Our prediction system classifies against outcomes using an array of predictive algorithms, including individual decision trees, random decision forests, logistic regressions, and neural networks. At run time, we are attempting, in each case, to figure out which algorithm works best. Usually it’s random decision forests.
Random decision forests are made up of individual decision trees, which are classifier algorithms that look like flow charts, showing the choices made to reach a certain outcome.
Predictions aren’t based on a single tree, though; we use dozens of trees to improve the accuracy of the algorithm, hence the random decision forest. We look at the universe of trees, their splits and branches, and choose the ones that are the most promising when it comes to creating a path towards the desired outcome. This path leads from seemingly arbitrary data to a classification: the “yes” or “no” to the outcome. In other words, we're defining someone as a “good potential customer.” (In the image above, the “yes” is “mostly converted” and the “no” is the “mostly did not convert.”)
While the classification seems binary, the reality is that often there's not a clear “yes” or “no.” We are dealing with the likelihood that someone performs an action, and that is never definitively 100% or 0%. During the prediction process, we employ propensity scores, which are a way of saying, “This person is more likely to be a good potential customer than not.” Every individual in the group we’re looking at is scored, and those in the top percentiles are recommended to the client as the best fits for the outcome they want to realize.

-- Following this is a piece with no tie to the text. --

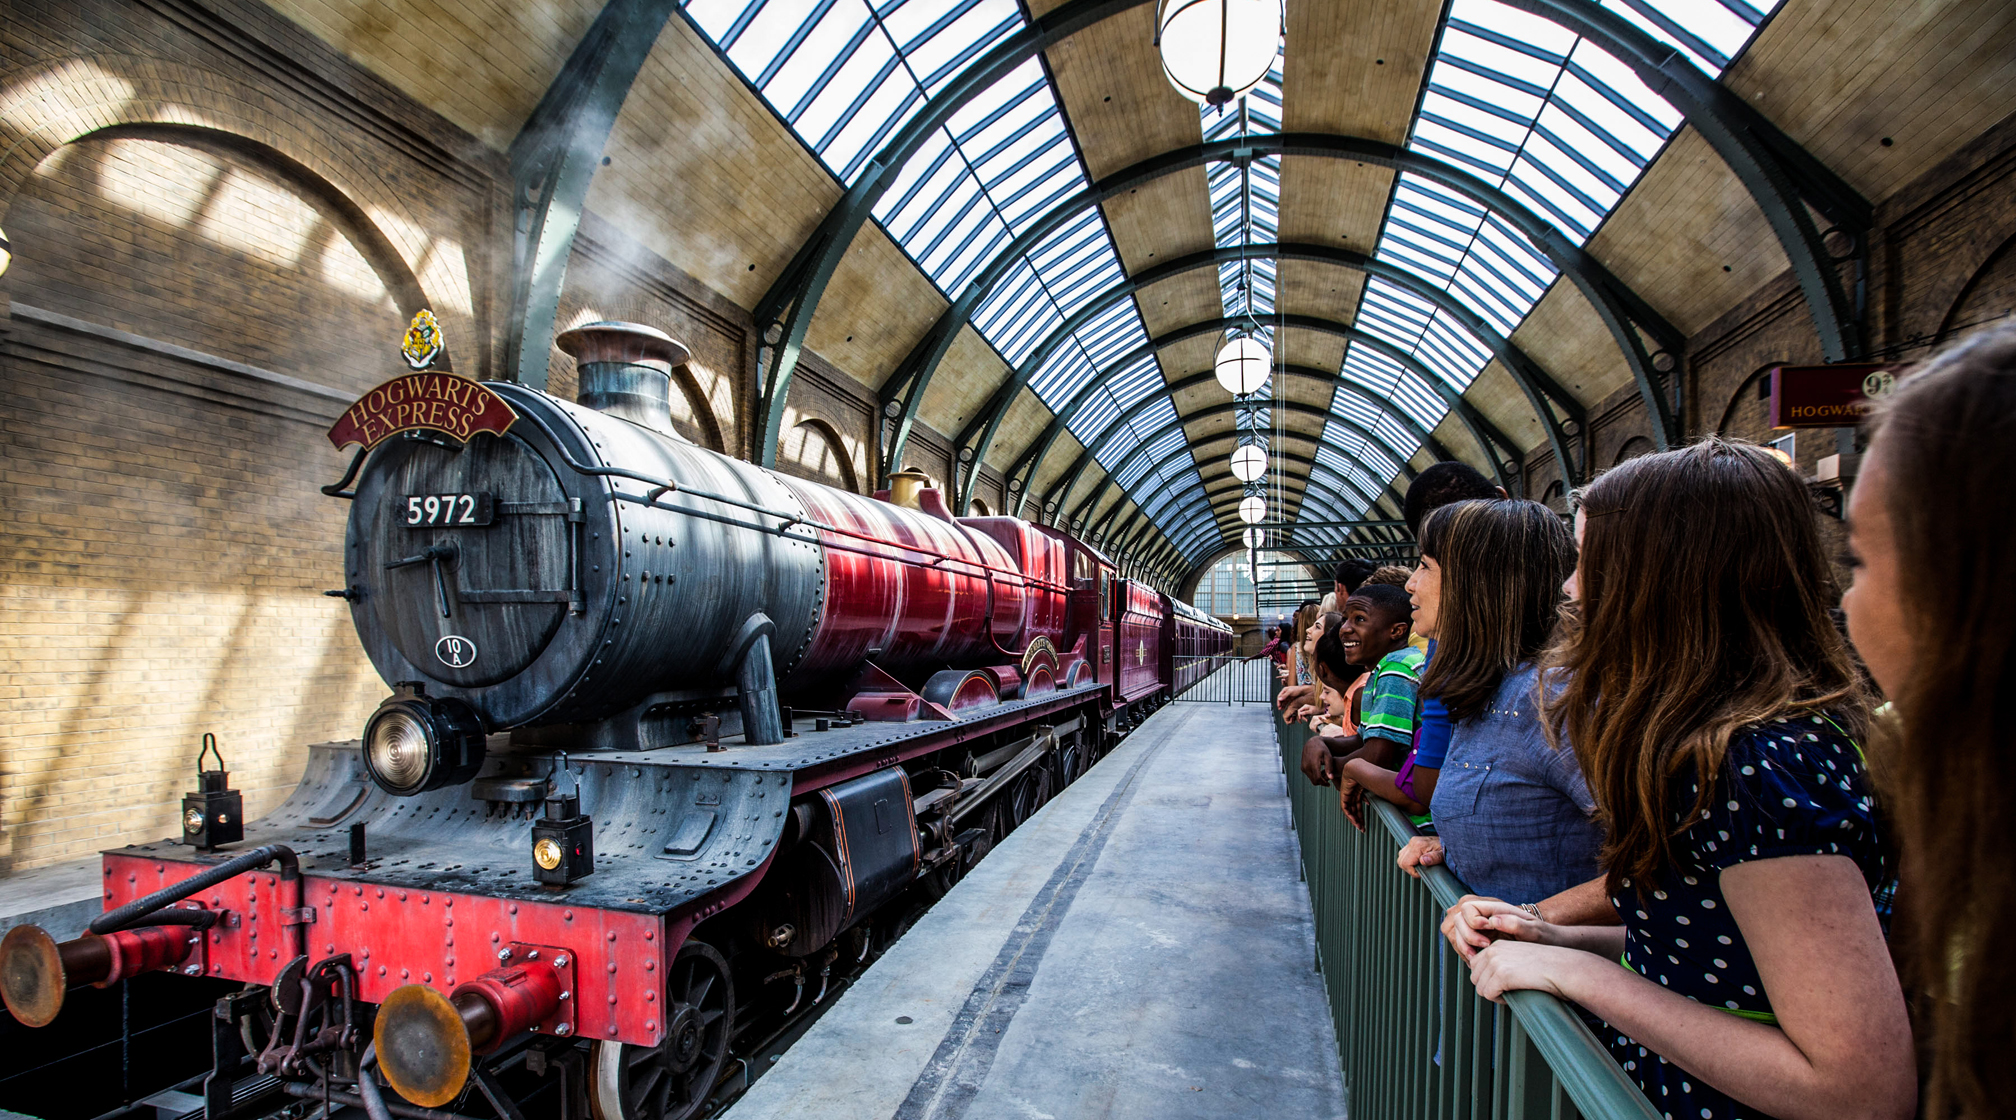 The Wizarding World of Harry Potter - Diagon Alley at Universal Orlando Resort.

Now, if there are so many predictive algorithms we can use, why do we choose random decision forests?
Well, for one, they’re the most explainable; with so many decision trees at play, we have a strong sense of the different importances at each node split in a tree. These importances show us which attributes contribute most toward the success of an outcome, or the most toward failure.
The random decision forest technique also handles missing data very well, especially compared to a logistic regression or neural network, which both tend to require values to make predictions. In a decision tree, if there is a missing value, it moves onto the next node because there are other decision paths in the case of missing data. When you scale that to a whole random decision forest, the prediction becomes very accurate and isn’t perturbed by missing data.

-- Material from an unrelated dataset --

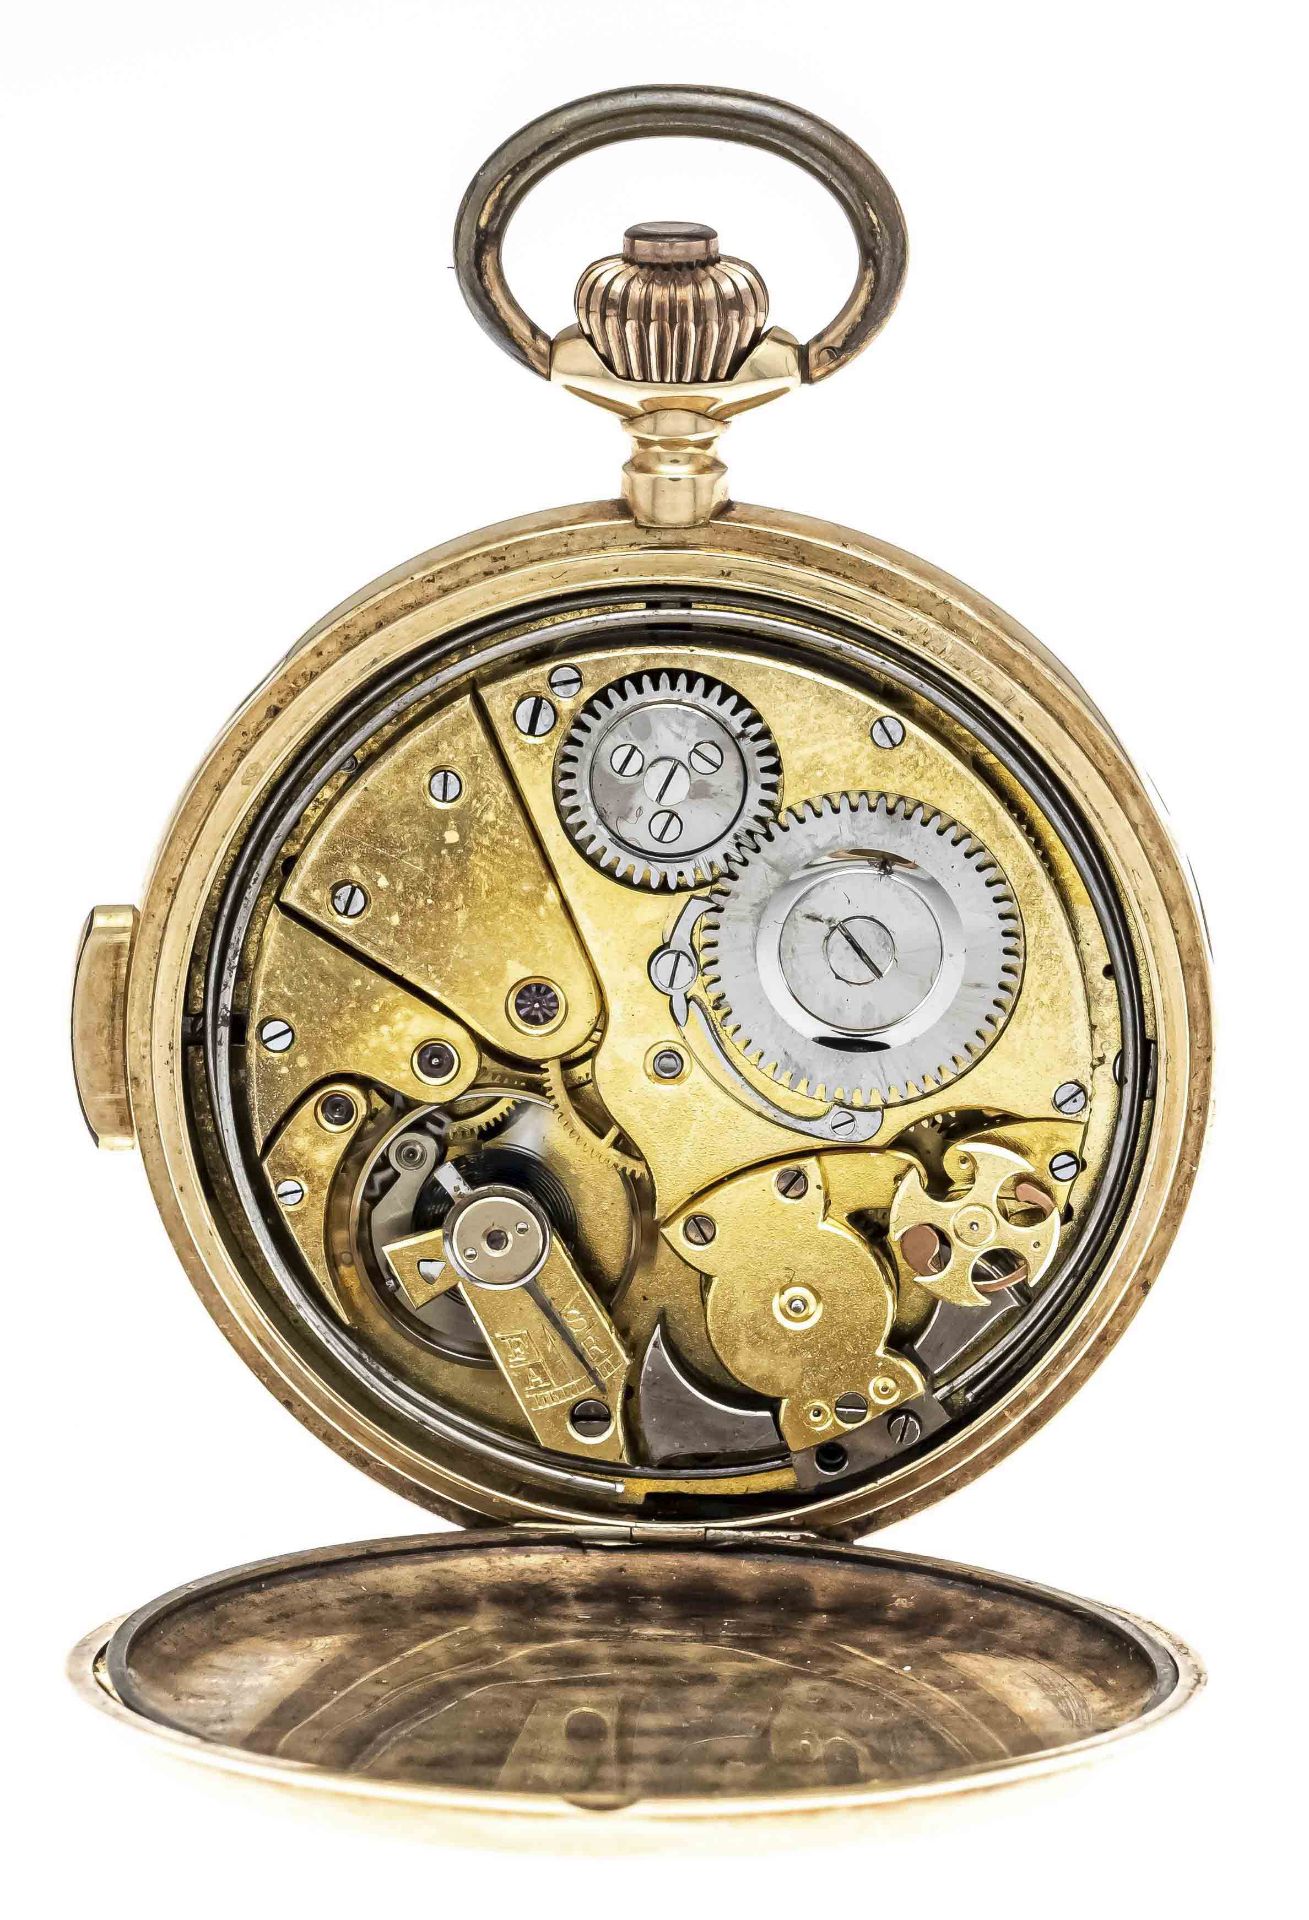 1/4 hour repeater pocket watch, chronometer, sprung cover, 585/000 GG, 2 gold covers, guilloché - Image 2 of 3

A third reason we use random decision forests is collinearity. Random decision forests may see that some data are correlated — say, mortgage value and income. A lot of the attributes the algorithm deals with are linearly related but don’t necessarily directly drive a certain customer behavior.
A random decision forest algorithm finds areas of greatest information gain, meaning that it may realize there is interdependence between attributes, but it will choose the feature that gives the algorithm the greatest leverage over the prediction. This is particularly helpful for us, as we deal with tremendous amounts of customer data, and data on humans is generally noisy and often subverts expected distributions and assumptions.
Propensity predictions are especially helpful in improving campaign targeting efforts across a number of marketing channels. By identifying individuals ranked in the top percentile of the analyzed group—those that have the highest likelihood of performing the desired action—businesses typically see improvements in efficiency metrics (cost per acquisition, return on ad spend, etc.). Here are some popular business use cases for propensity predictions:
- Reaching likely buyers
- Driving repeat purchases
- Scoring and prioritizing leads